I floated through most of the fall of 1997 on a piss-warm wave of booze, trailing nicotine clouds in my wake and buoyed by the kind of coruscating self-loathing that nourishes even as it rots you inside out, shepherding you through the night for the sole cold, curious purpose of finding out just how much more damage you can do yourself the next day.

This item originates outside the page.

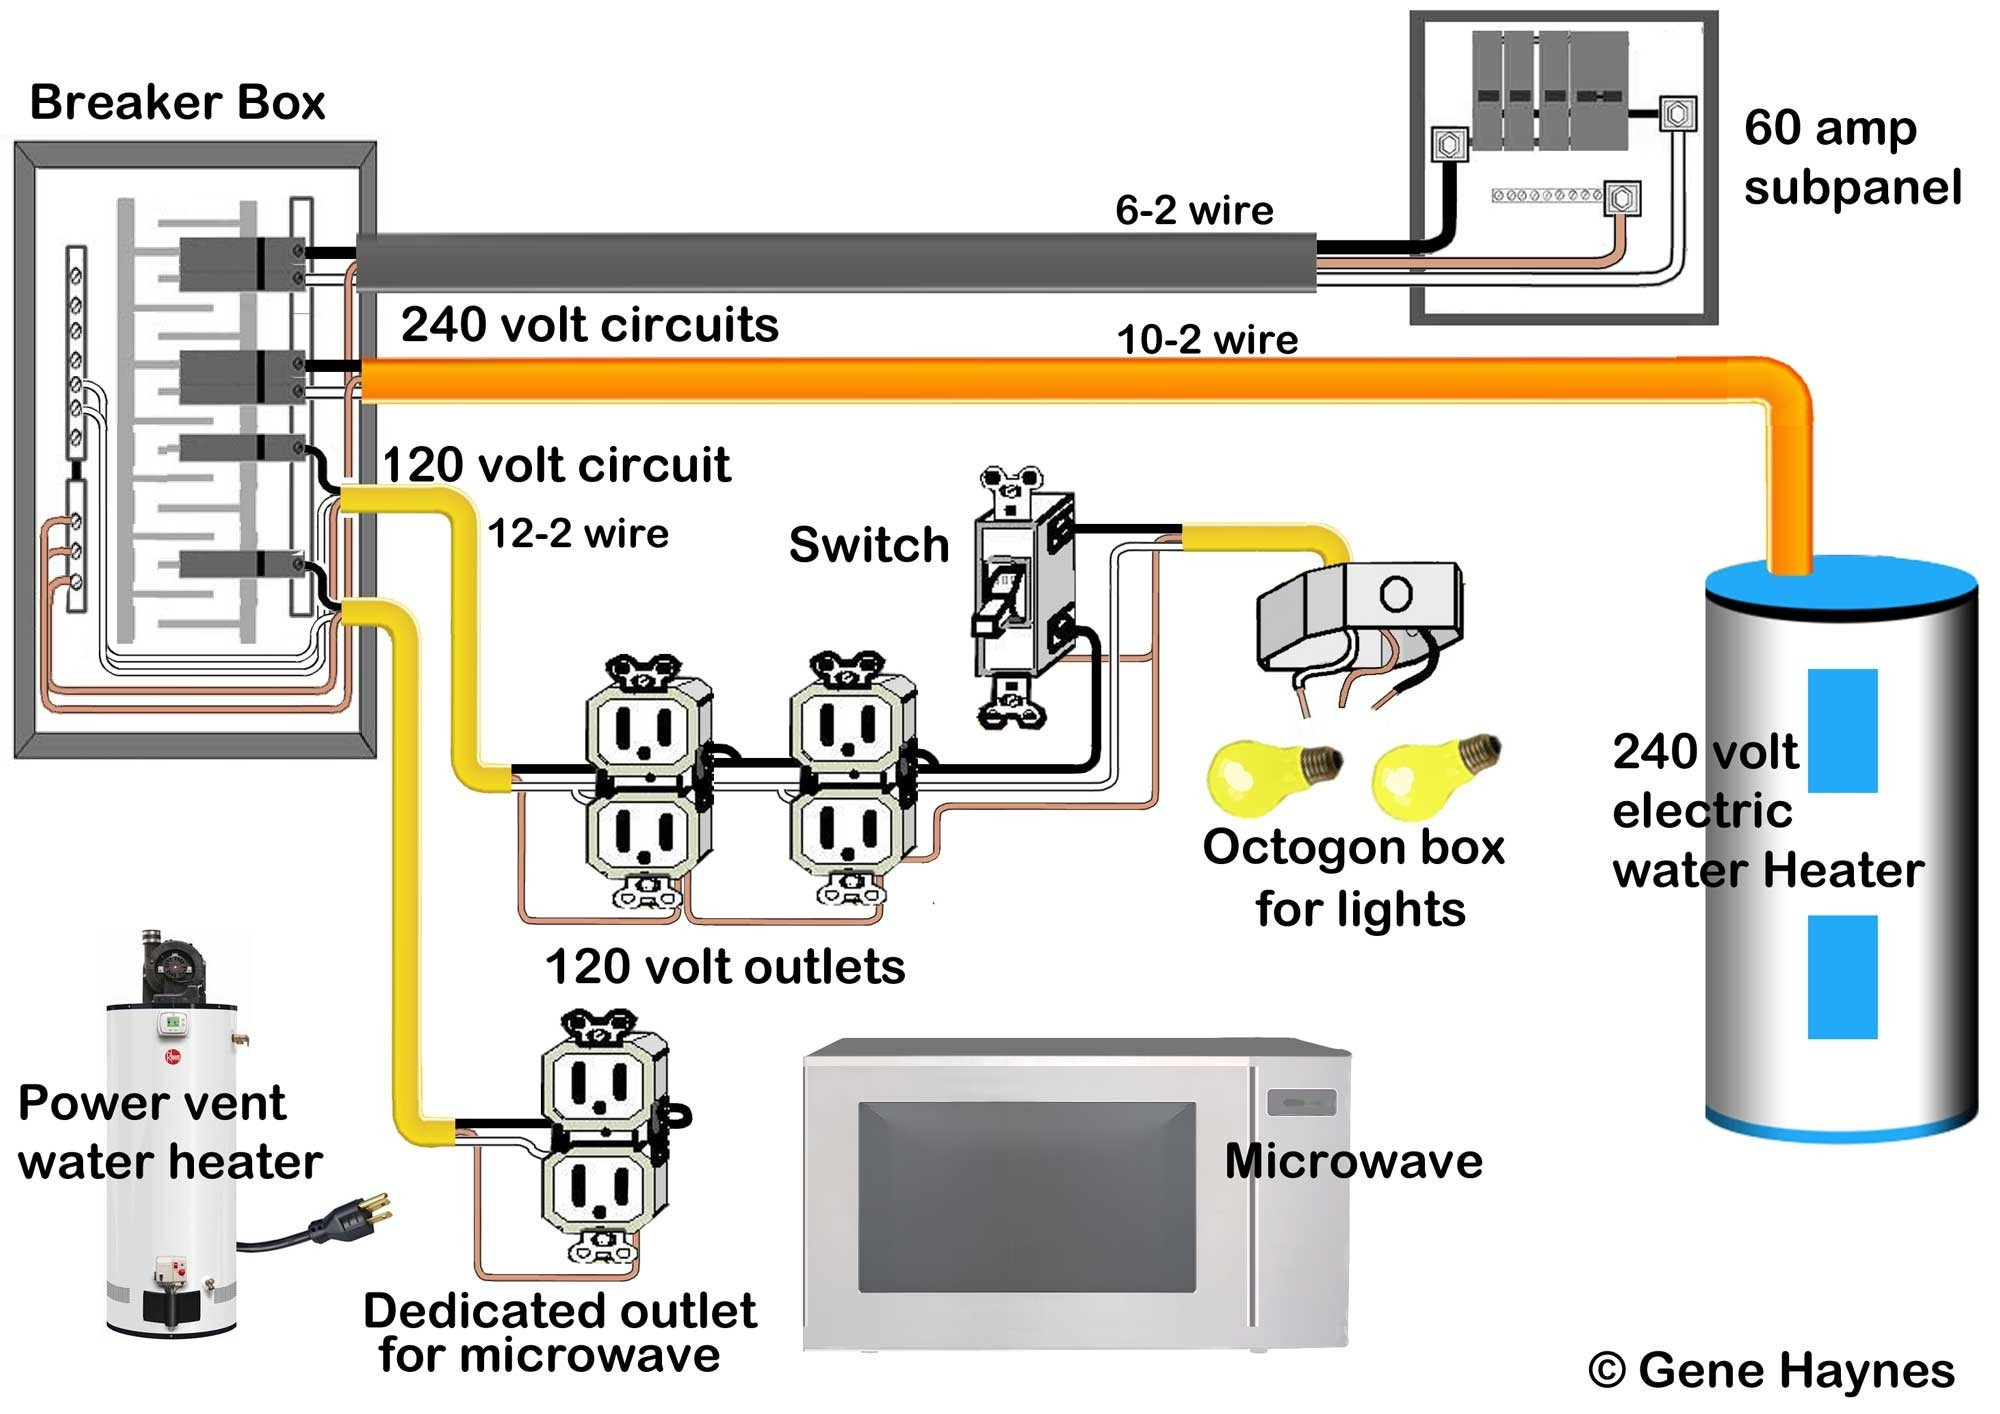 100 Amp Sub Panel Box Wiring Diagram | Wiring Diagram - 100 Amp Sub Panel Wiring Diagram

I had moved to a small, filthy two-room apartment on the old main drag of the North Side, in a rapidly-gentrifying area which seemed to be split evenly between insufferable yuppies delighted to spend $250,000 on a 1000-square-foot row house (and another $250,000 restoring the plank floors and installing climate-controlled wine cellars and state-of-the-art alarm systems) and struggling families, mostly black, who'd lived through the neighborhood's toughest days only to find themselves being slowly, inexorably squeezed out of their homes by ballooning property taxes and onerous new appearance "standards" that dictated everything from repair and building materials to acceptable paint colors, and by the creeping tendrils of prejudice that laced themselves through the neighborhood as surely and calamitously as green ivy through the classy European brick and stone facades. Across the street was a park, once and still largely known for its copious drug deals. A few blocks east, the Light of Life Mission sat among shuttered and burned-out buildings that once housed bars and newstands and the city's last big-screen "adult" theater, the not-quite-pastoral Garden, flashing its perpetually wonky neon welcome (sometimes it was the "Gard," sometimes just a "den") to its flock of twitchy pensioners and furtive husbands.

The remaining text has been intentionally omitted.